Information:
====

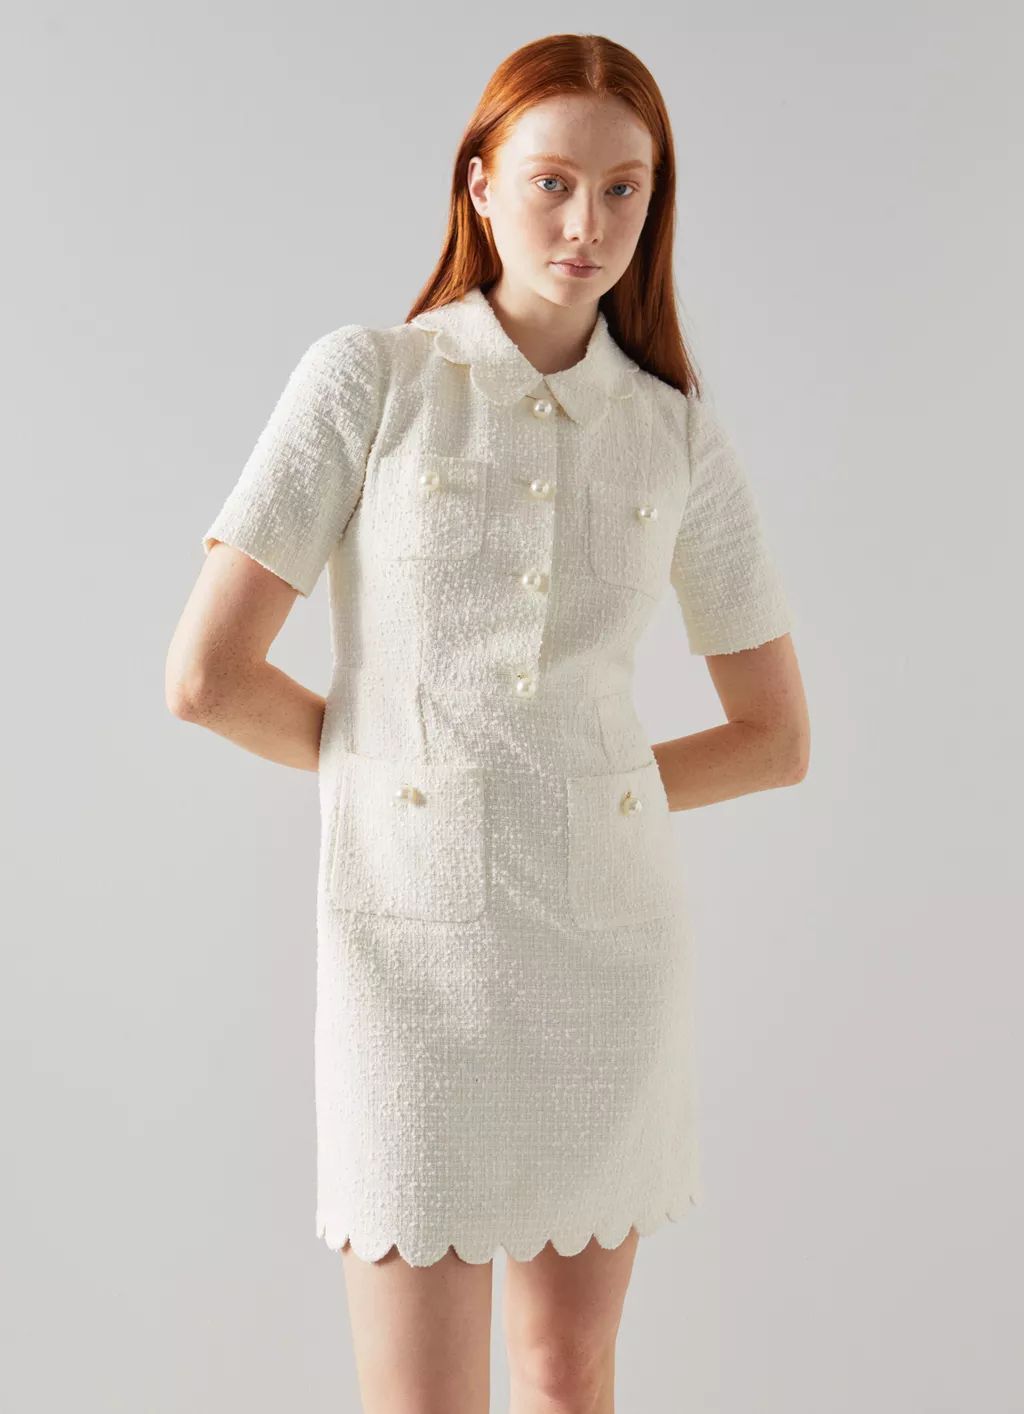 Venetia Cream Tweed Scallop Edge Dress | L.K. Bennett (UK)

====

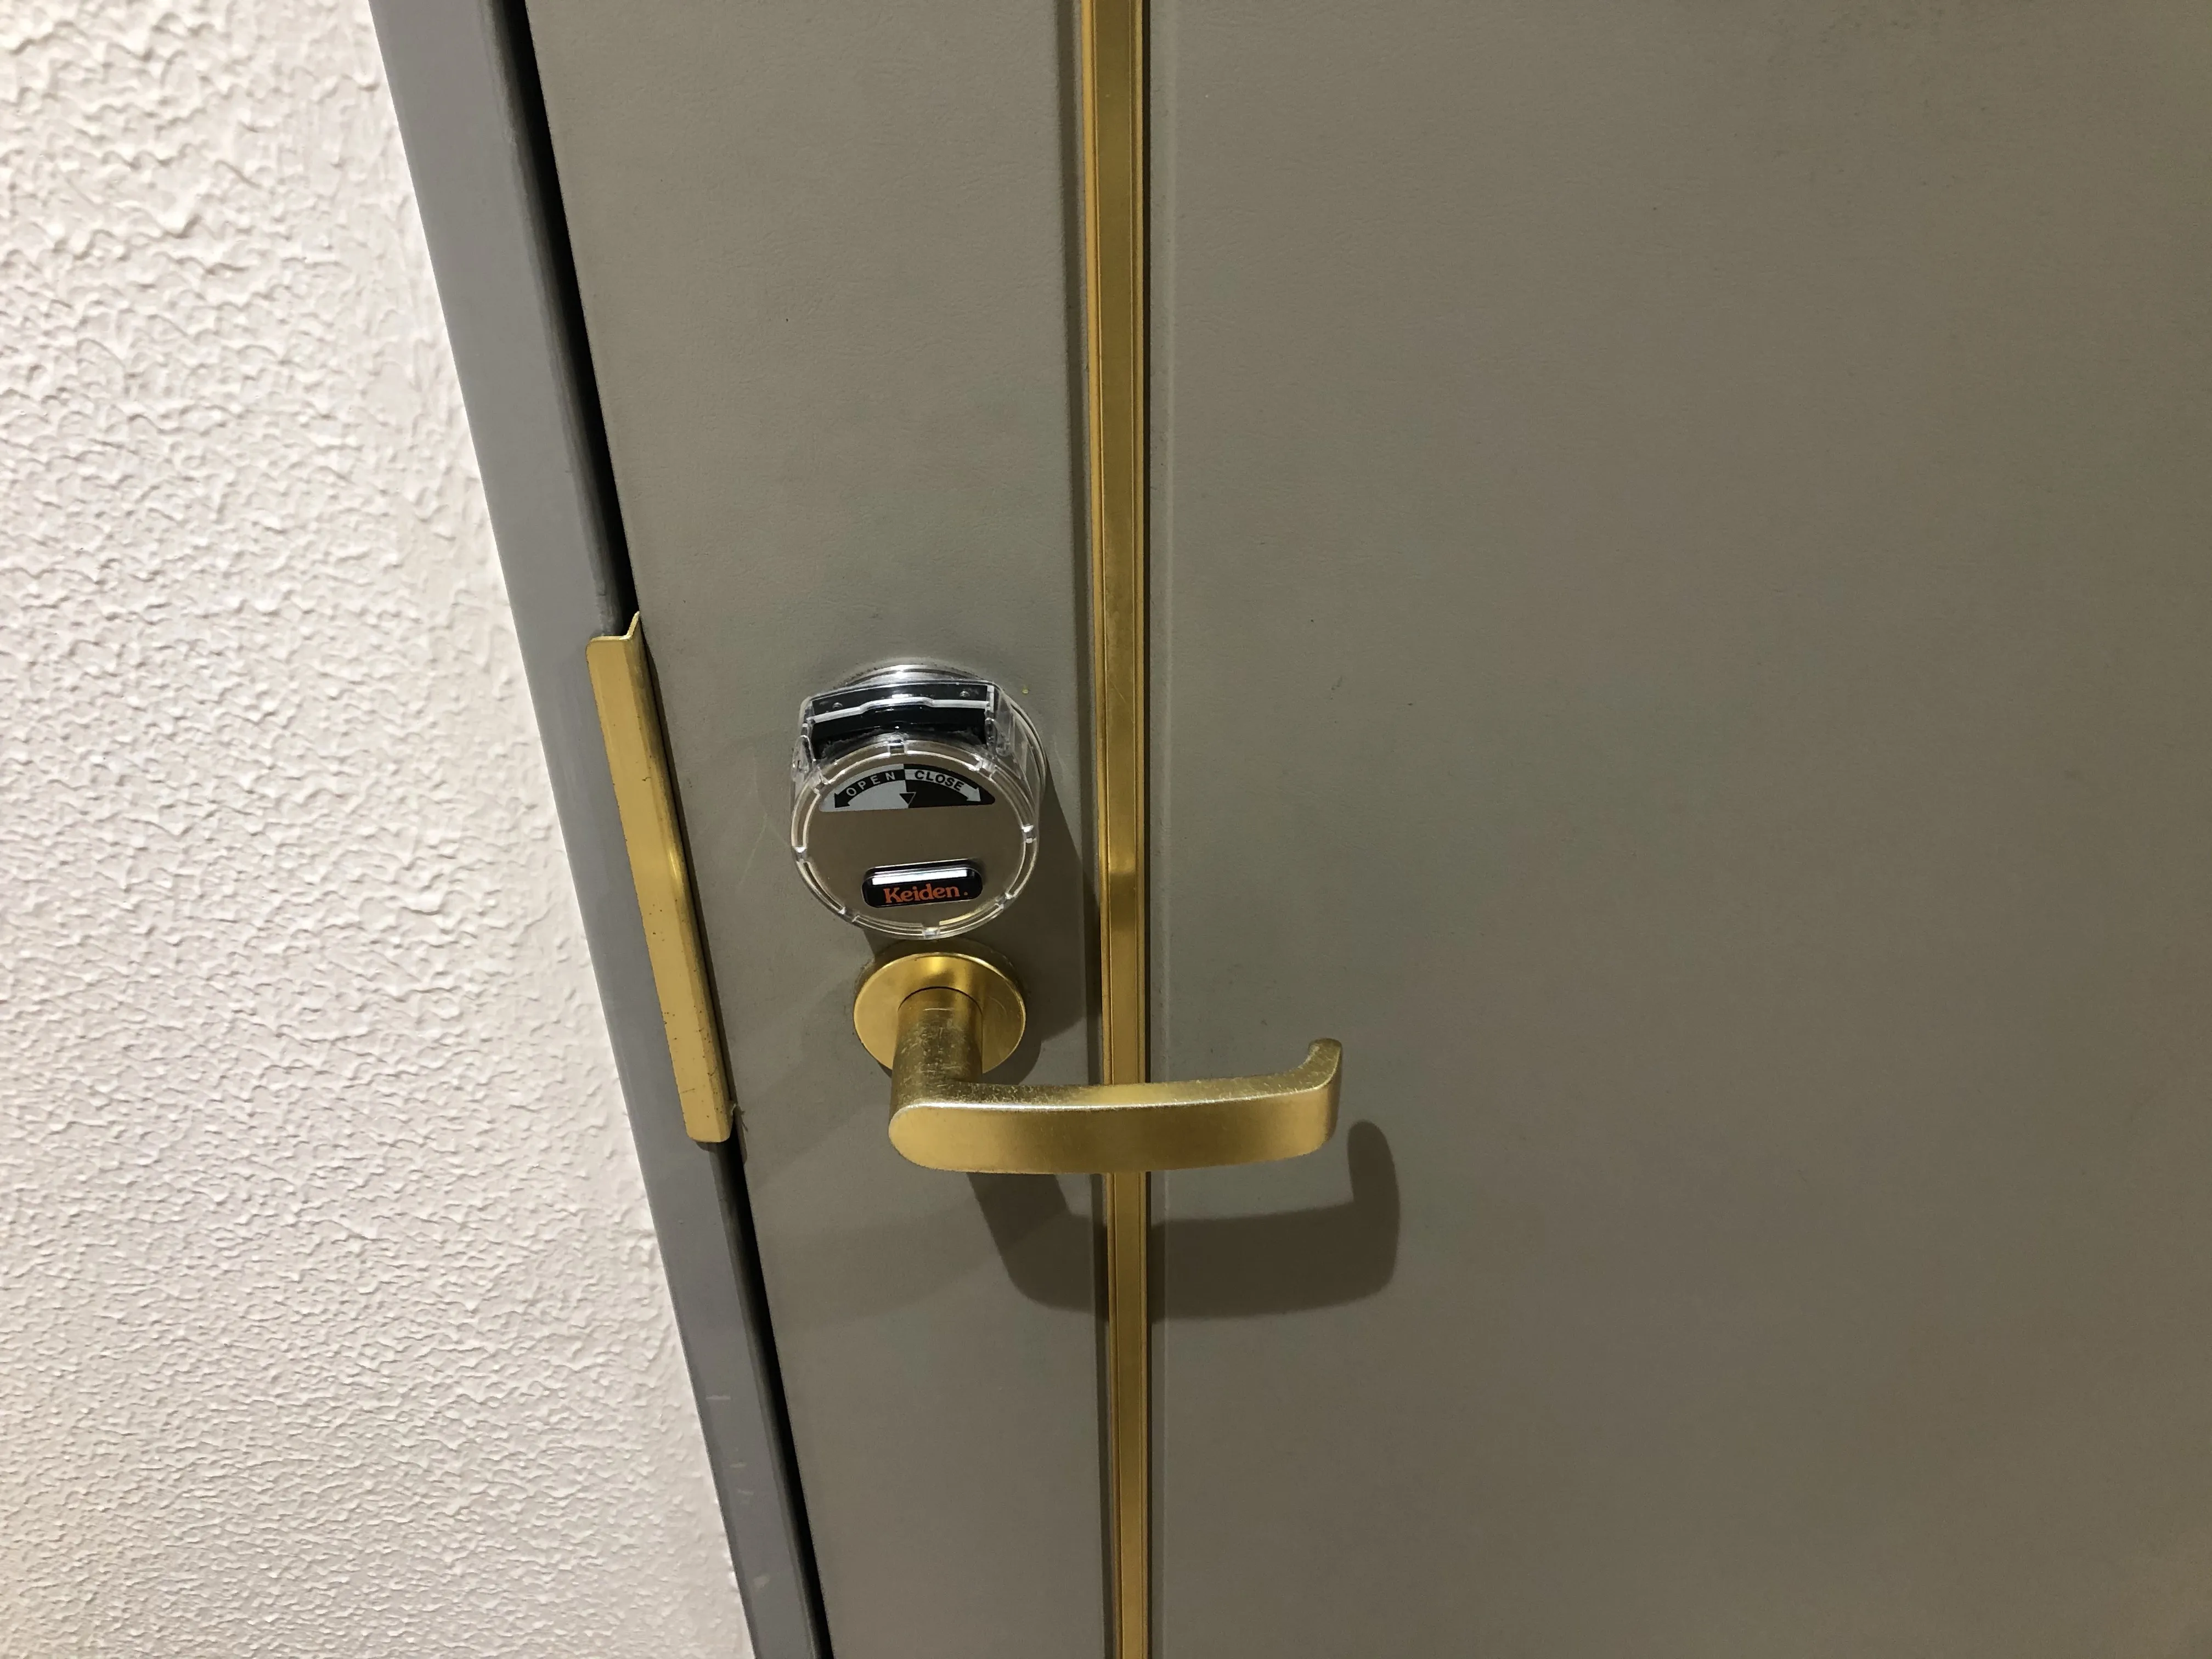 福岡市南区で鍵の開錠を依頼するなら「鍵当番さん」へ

====

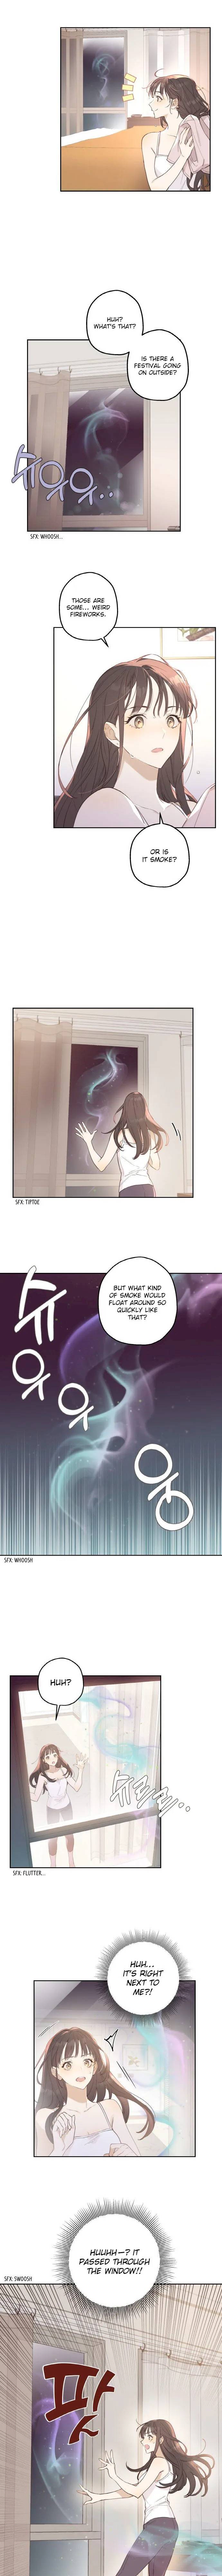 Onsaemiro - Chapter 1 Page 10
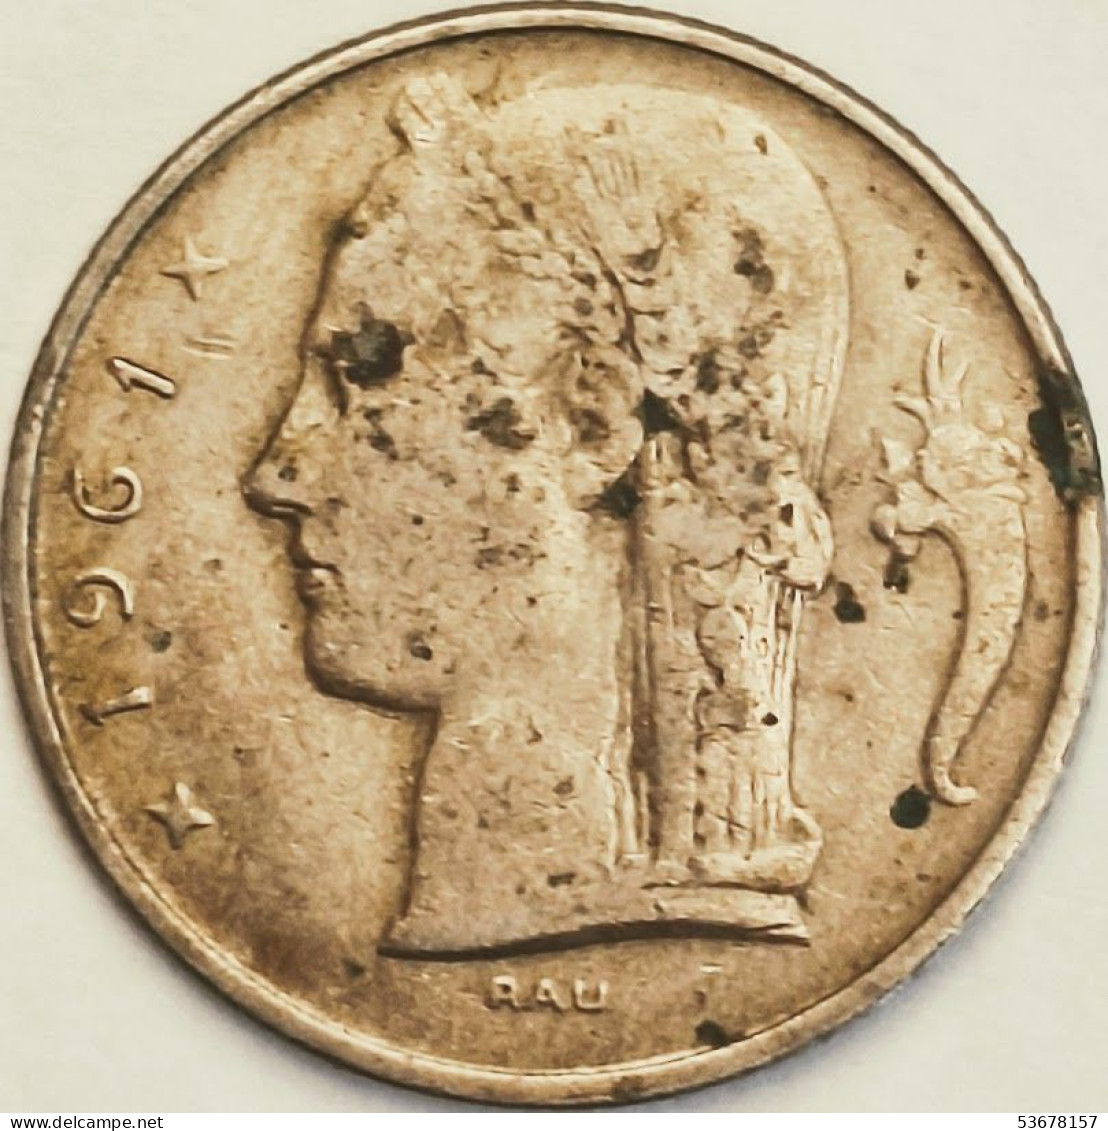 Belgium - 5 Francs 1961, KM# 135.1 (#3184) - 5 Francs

====

Problem details:
Reproduce the listing above only between the lines holding "Onsaemiro - Chapter 1 Page 10" and "Belgium - 5", inclusive. Every line must match exactly, and pictures are dropped.

Answer:
 Onsaemiro - Chapter 1 Page 10
 Belgium - 5 Francs 1961, KM# 135.1 (#3184) - 5 Francs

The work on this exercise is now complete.